You can replace the conditional expression with a set of #if's, or even
define S1, S2 etc to keep the expression size down though it's only
about 1500 characters as it is.
 
K

Kaz Kylheku

Can I
- use floating point at all ?
- if yes: use sqrt, log, exp ?

No. Constant expressions cannot contain funtion calls.

I would calculate the size at run-time (possibly caching it for re-use)
and then use malloc to grab the storage.

If I really needed a compile constant which requires a complex computation,
I would do that computation in a build configuration script (written in
some interpreted language which has floating-point support), and have it
spit out an include file.
 
B

BartC

Kaz Kylheku said:
No. Constant expressions cannot contain funtion calls.

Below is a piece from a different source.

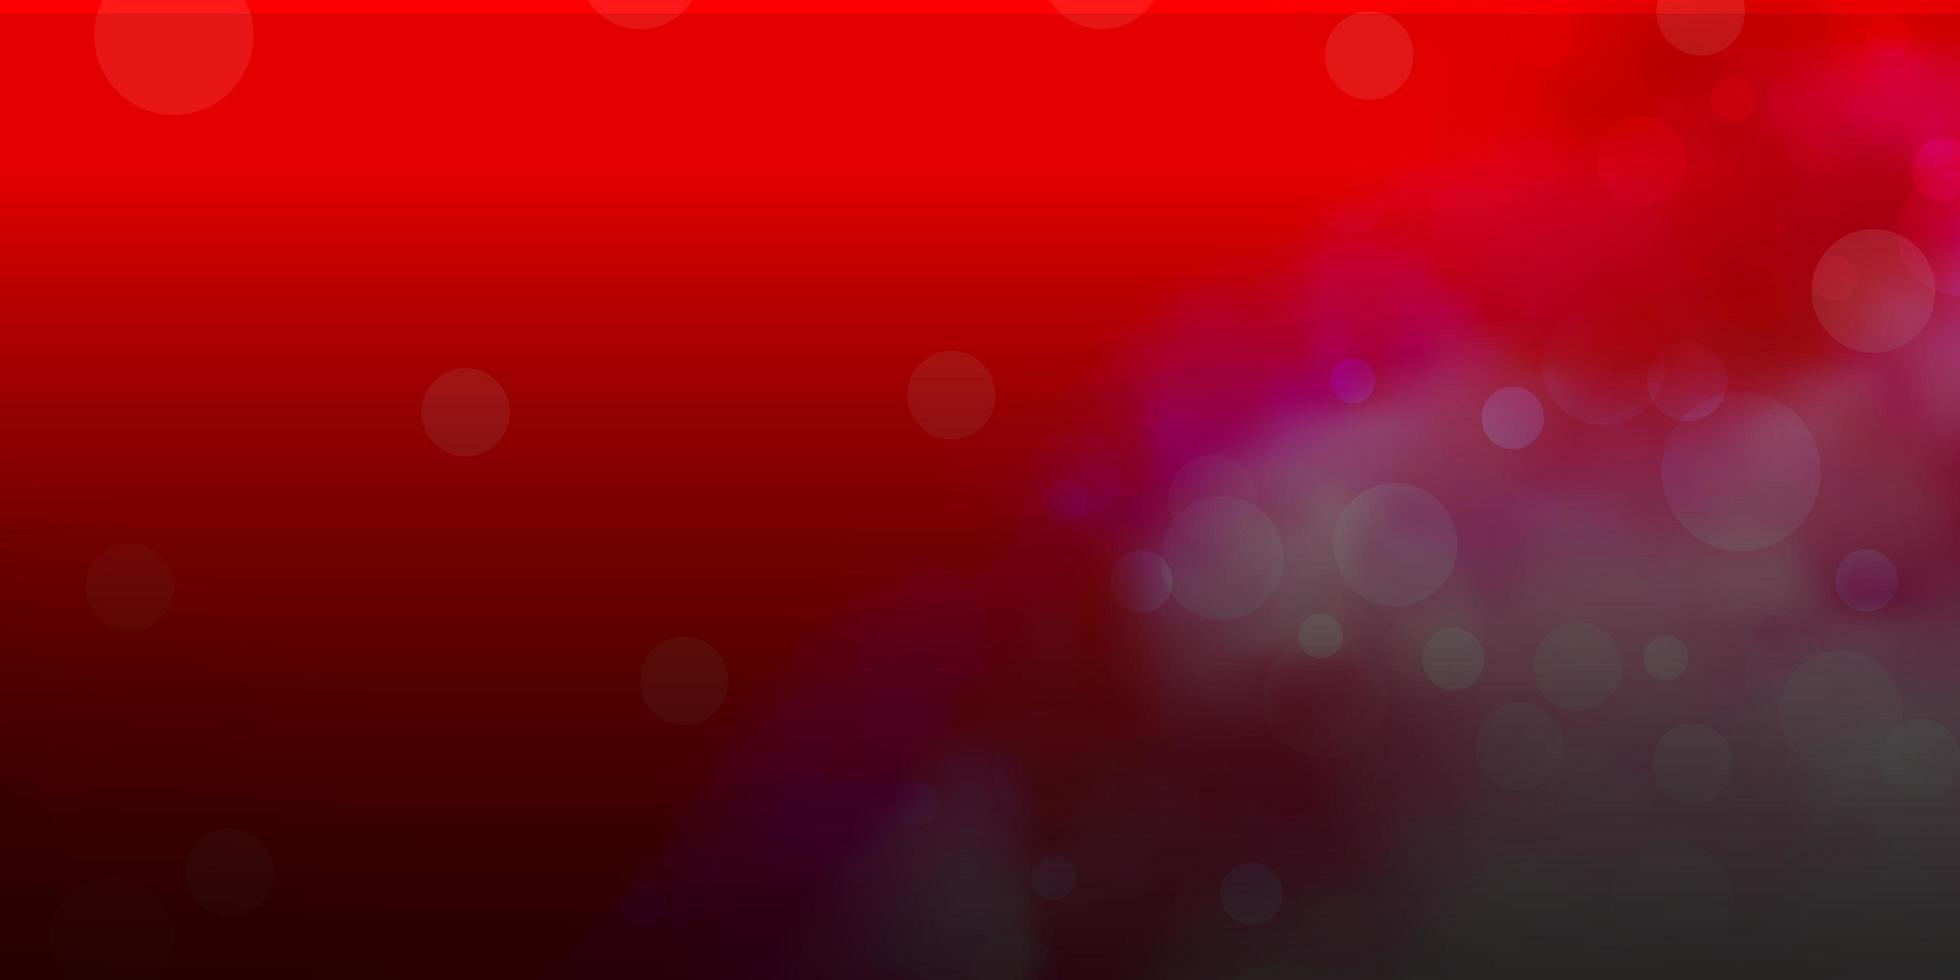 modèle vectoriel rouge clair avec des sphères.

Yet, an expression such as sqrt(9.0) seems to be reduced to 3.0 on the first
two compilers I tried.

It's not much of a stretch to allow that to be used as an array dimension,
the main stumbling block being that 3.0 is not integral, while adding an
(int) cast makes it look like a runtime expression.
 
B

BartC

Francois Grieu said:
I'm trying to figure out the exact limitations that (possibly:
various versions of ISO/IEC 9899) C puts to expressions defining
the size of a plain array at compile time, and how to workaround
that.

An application would be, given EXPECTED, to define at compile
time an array with EXPECTED + 12*sqrt(EXPECTED) elements, or
some even more complex formula, as required by
http://stats.stackexchange.com/q/35658/8469


A tentative (not tested)

#define EXPECTED 15000

/* define an array of EXPECTED + 12*sqrt(EXPECTED)

Perhaps try:

#define sqrt_EXPECTED 122

#define EXPECTED (sqrt_EXPECTED * sqrt_EXPECTED)

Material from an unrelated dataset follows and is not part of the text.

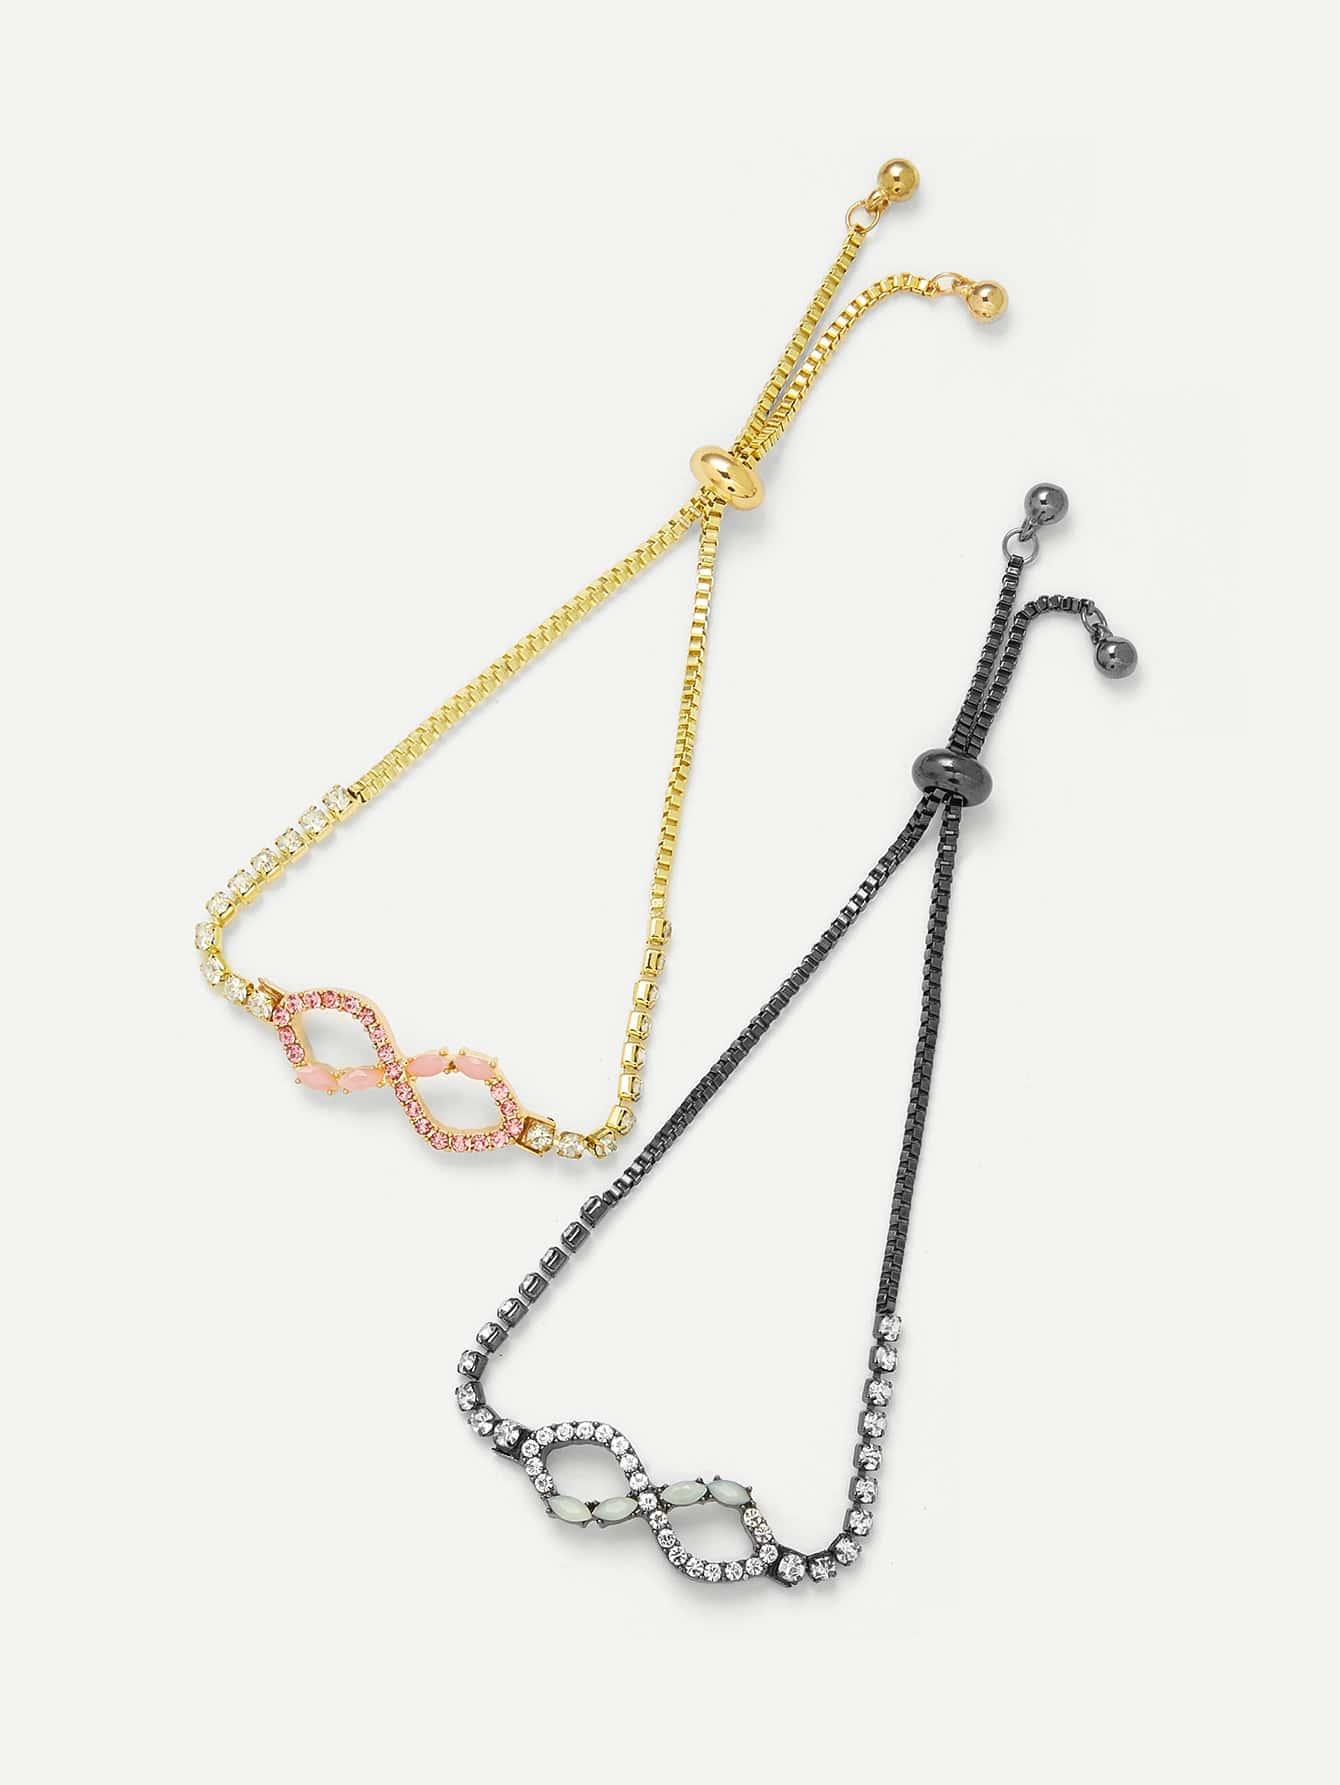 Letter Eight Design Chain Bracelet Set wing design chain bracelet

with the square root calculation done with a calculator. (You won't get
exactly EXPECTED=15000 though.)
 
E

Eric Sosman

Yet, an expression such as sqrt(9.0) seems to be reduced to 3.0 on the
first two compilers I tried.

Don't confuse definition with optimization. Also, try your
compilers on

strcspn("BartC", "abcdefghijklmnopqrsBCuvwxyz")

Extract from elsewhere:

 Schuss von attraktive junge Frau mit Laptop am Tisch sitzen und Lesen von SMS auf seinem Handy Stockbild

.... and let us know if they replace it with `3'.
It's not much of a stretch to allow that to be used as an array
dimension, the main stumbling block being that 3.0 is not integral,
while adding an (int) cast makes it look like a runtime expression.

The presence of an (int) cast does not disqualify an expression
from being an "integer constant expression." The function call,
however, does.
 
B

Barry Schwarz

I'm trying to figure out the exact limitations that (possibly:
various versions of ISO/IEC 9899) C puts to expressions defining
the size of a plain array at compile time, and how to workaround
that.

There have been questions posted here about applications that compile
and link cleanly but die during startup. Some of those relate to
arrays of excessive size.

For those systems that store automatic variables on the stack,
wouldn't this be a function of stack size? Wouldn't there be a system
specific way to adjust the stack size (if one exists)?

Wouldn't the limit be different if the array had static duration?
Don't different systems have different limits for the amount of memory
an application can claim (and also system specific methods for
changing that limit)?
 
J

James Kuyper

Don't confuse definition with optimization. Also, try your
compilers on

strcspn("BartC", "abcdefghijklmnopqrsBCuvwxyz")

... and let us know if they replace it with `3'.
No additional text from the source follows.